Some jobs are safe! (Score:1)
Awesome! Professional puzzle solvers wont be collecting unemployment in the short term. The bad news is that unemployment will likely be broke when toasters can solve puzzles 5 or 10 years later...
Re: (Score:2)
My title is Linux Systems Administrator, but much of the time I feel like it's Professional Puzzle Solver*. Does that count?
*although most of the time I feel more like it's either Nagger In Chief or Everybody's Gofer.
Re: (Score:2)
I'm pretty much a Digital Garbage Collector.
Bring out yer dead...
human confidence level high. (Score:1)
The first sentient AI (Score:2)
will be able to tell us, no need to give it tests, talk with it for a few minutes and you'd know if it's from Florida or not
Seems to fall apart above 200 LOC (Score:2)

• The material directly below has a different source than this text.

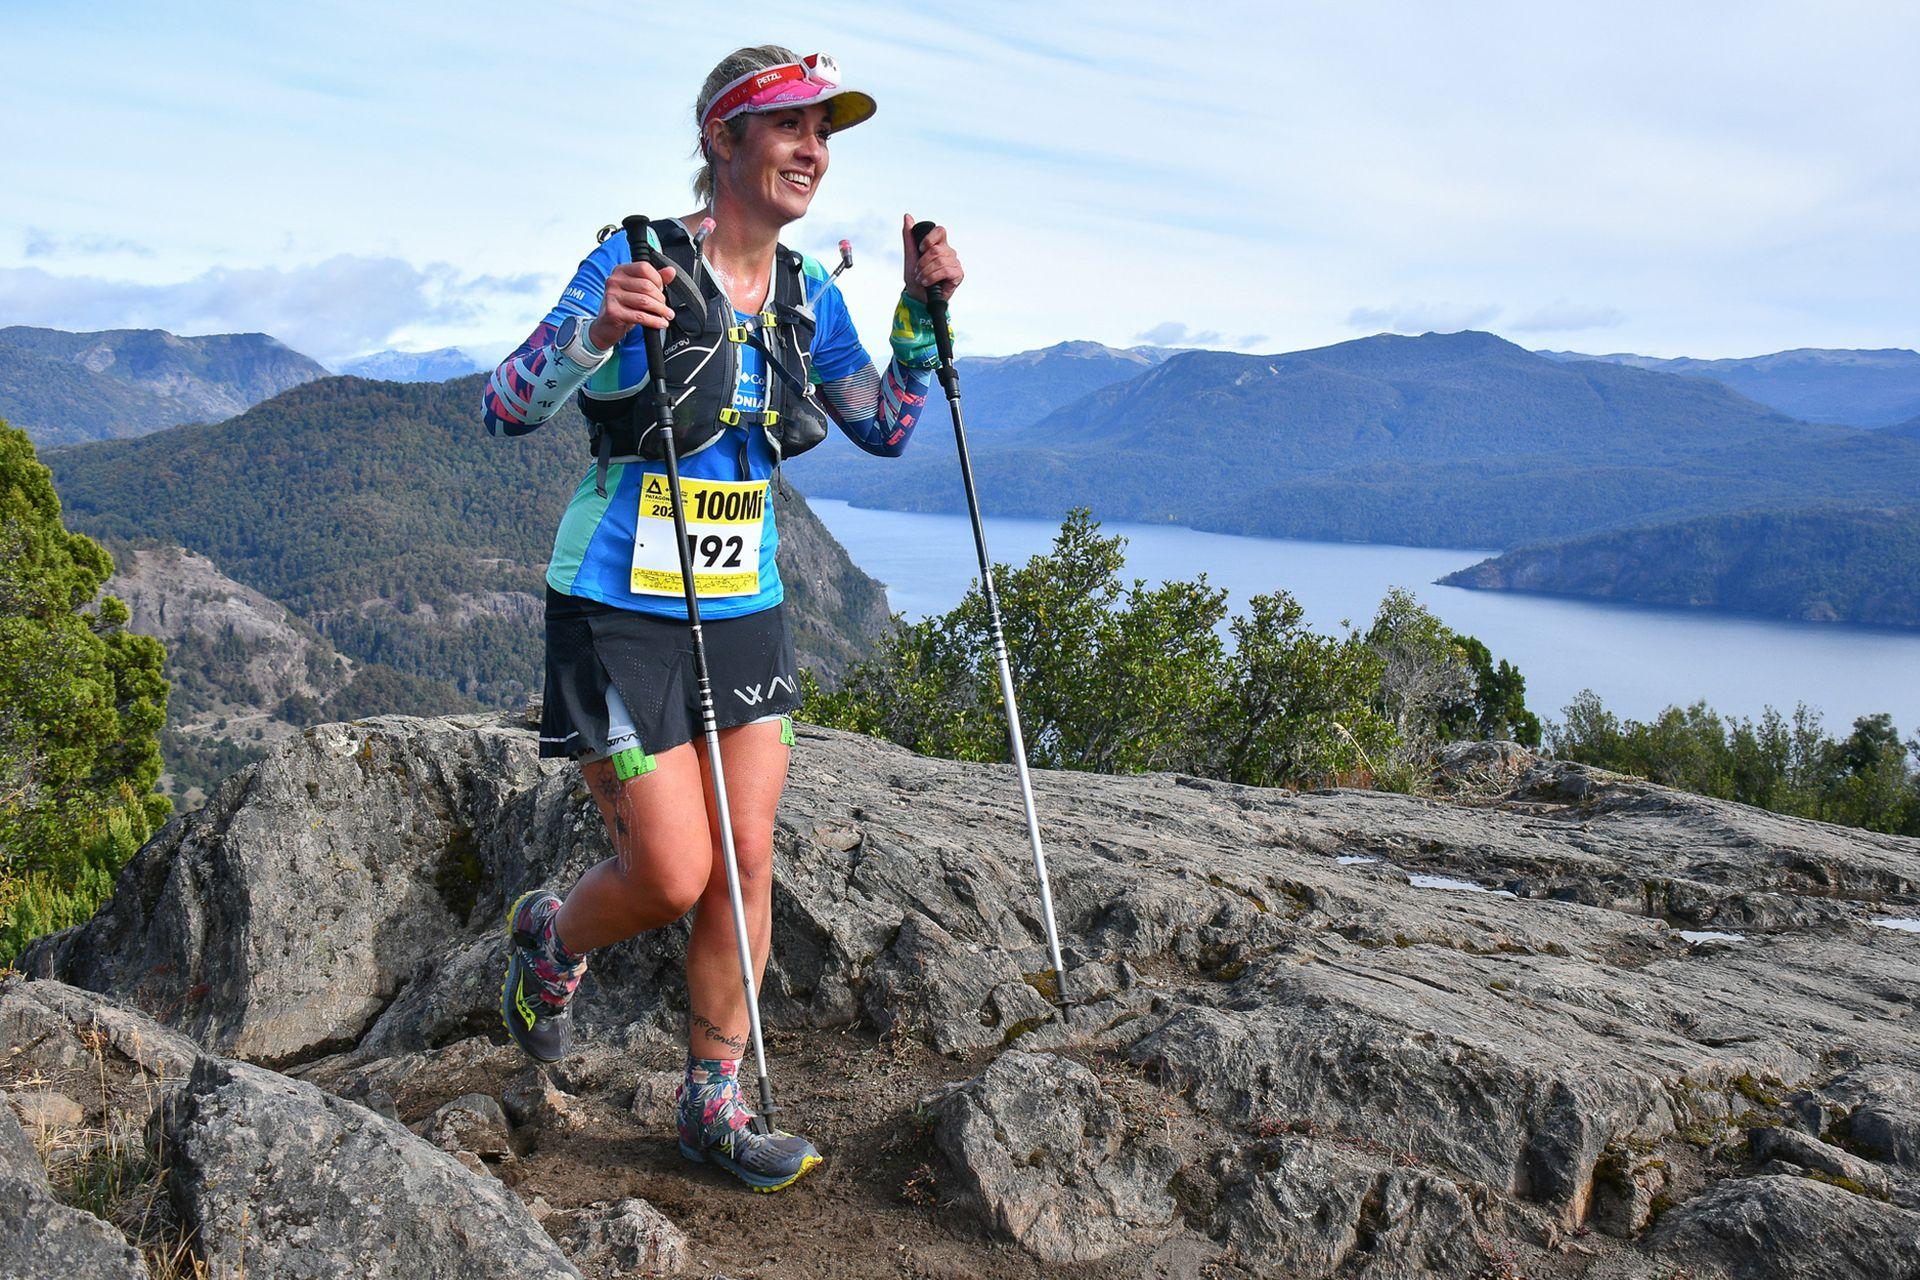 Osprey, Blackdiamond, 7 Vidas Tatoo, Best cerveza artesanal y Pircca Trail conforman la estructura de apoyo que le permite a Victoria Allen perseguir sus objetivos deportivos. En abril de 2021 Victoria Allen corrió las 100 millas de Patagonia Run.

LLMs are really good at stuff, better and faster than humans, as long as the complexity isn't much more than ~200 LOC (lines of code). 250-300 LOC and things start falling apart quickly. Sometimes (1/50) you'll get ready and it'll pop out 400 LOC without major errors but that seems to be the absolute limit of the current statistical model family everyone is using.
LLMs are really good at analyzing and summarizing text though, it has no problem analyzing 20-30 page PDFs of economic or financial data.
If you can't beat 'em, berate 'em (Score:2)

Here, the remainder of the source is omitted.